Freight transport is the life-blood of today’s economy. Raw materials, components and
finished products flow in vast quantities through complex supply chain systems to
satisfy the demands of the ultimate customers. Although vital to ensure economic
prosperity, freight transport also poses a large burden on the environment and society.
Road remains a dominant mode of freight transport in the UK, with 65% of the total
tonne-kms moved and 82% of tonnes lifted in 2008. Most of the externalities associated
with road freight transport have already been subject to legal environmental controls.
CO2 emissions are the only externality that still remains unregulated.
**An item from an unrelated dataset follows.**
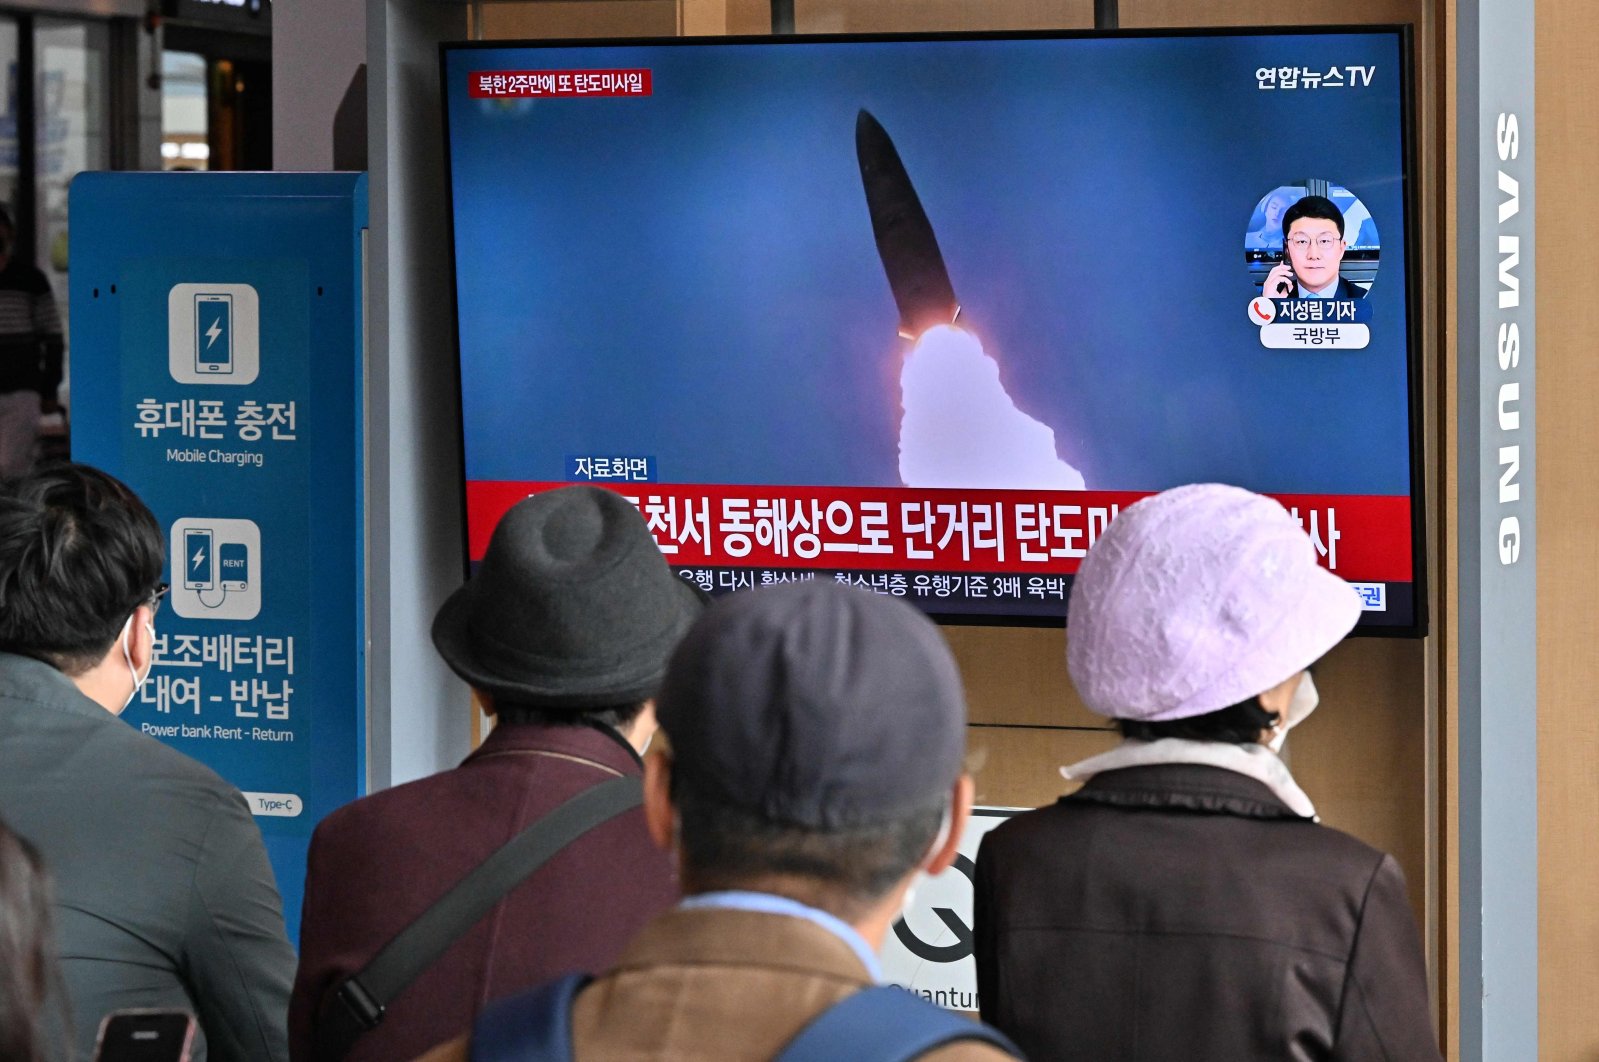 People watch a television screen showing a news broadcast with file footage of a North Korean missile test, at a railway station after North Korea fired two short-range ballistic missiles according to South Korea&#039;s military, Seoul, South Korea, Oct. 28, 2022. (AFP Photo)

In order to evaluate the effects of potential regulations or other policy options, decision
makers need a reliable forecast of the future course of the road freight transport- related
CO2 emissions in the absence of such new initiatives and interventions. Most currently
available forecasts relate to road transport as a whole and focus on the passenger vehicle
activity. Forecasts of road freight volumes and related externalities are typically linked
to trends in economic activity, ignoring changes in the nature of logistics and supply
chain systems. Hence, the aim of this thesis is to produce a forecast of road freight
transport – related CO2 emissions up to 2020 on a business-as-usual (BAU) basis by
incorporating the projections on future trends in a number of logistics and road freight
transport variables and the driving forces behind them.
The theoretical foundations of the logistics and supply chain management discipline
continuously evolve, allowing researchers to view real-world problems from an array of
philosophical perspectives, leading to scientific advancement and enrichment of the
body of knowledge. This thesis is rooted in the critical realist paradigm and employs
methodological triangulation involving focus group research, a Delphi questionnaire
survey and spreadsheet modelling to produce a reliable BAU forecast of future CO2
emissions from road freight transport.
In addition to the forecast of future CO2 emissions from Heavy Goods Vehicles, this
research also elicits forecasts of changes in key logistics and freight transport variables
such as handling factor, average length of haul, modal split, empty running, lading
factor and fuel efficiency up to 2020. The main structural, commercial, operational,
functional, external and product-related factors behind future trends in these variables
are also investigated. The BAU scenario is assessed in the light of the UK greenhouse
gas reduction target and additional scenarios offering CO2 savings greater than that
predicted by the BAU case modelled. The thesis concludes with a review of potential
policy measures that could help to reduce the future CO2 emissions from road freight
transport